* **WORK TO BE COMPLETED**
Using the entries below, write out the line with "A beautiful pair", the line with "The armchairs are", and every line in between, exactly as each is written.

* **EXTRACTED ENTRIES**
-- -- --

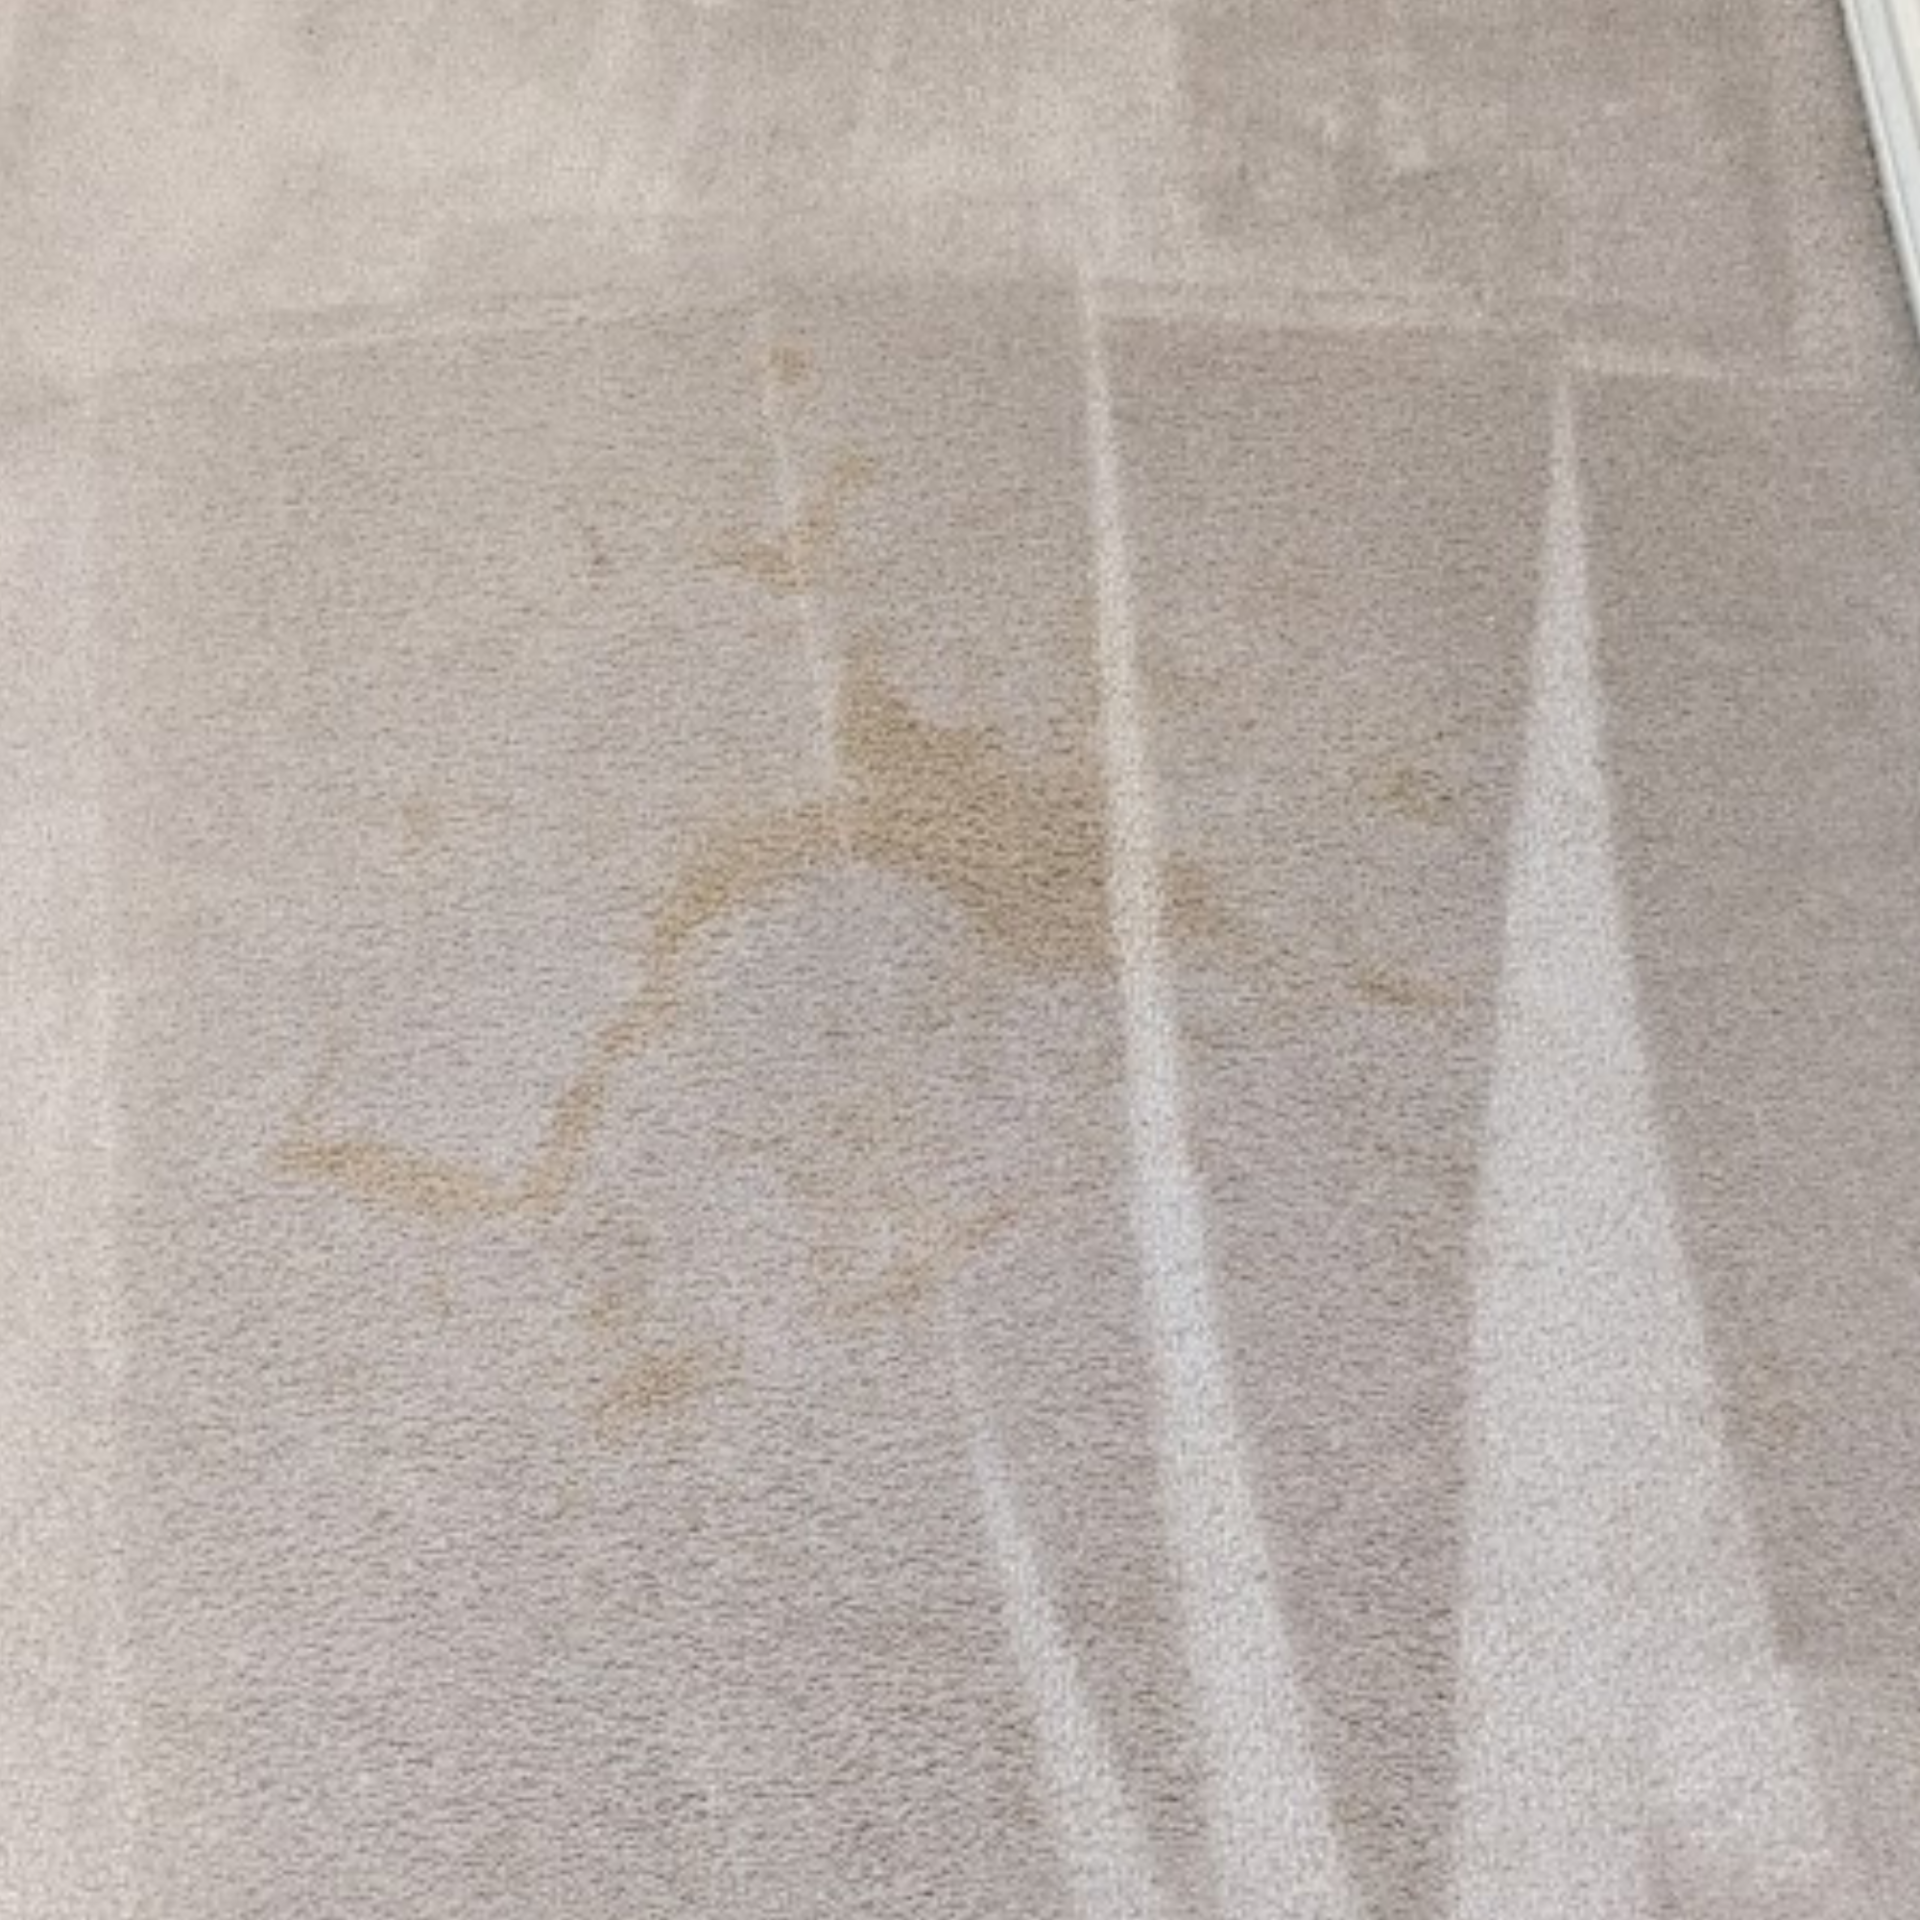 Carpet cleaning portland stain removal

-- -- --

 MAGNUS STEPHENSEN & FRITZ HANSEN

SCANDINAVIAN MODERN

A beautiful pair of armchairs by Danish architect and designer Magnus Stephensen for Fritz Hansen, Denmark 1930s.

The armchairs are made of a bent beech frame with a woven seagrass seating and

-- -- --

* **EXERCISE OUTPUT**
A beautiful pair of armchairs by Danish architect and designer Magnus Stephensen for Fritz Hansen, Denmark 1930s.

The armchairs are made of a bent beech frame with a woven seagrass seating and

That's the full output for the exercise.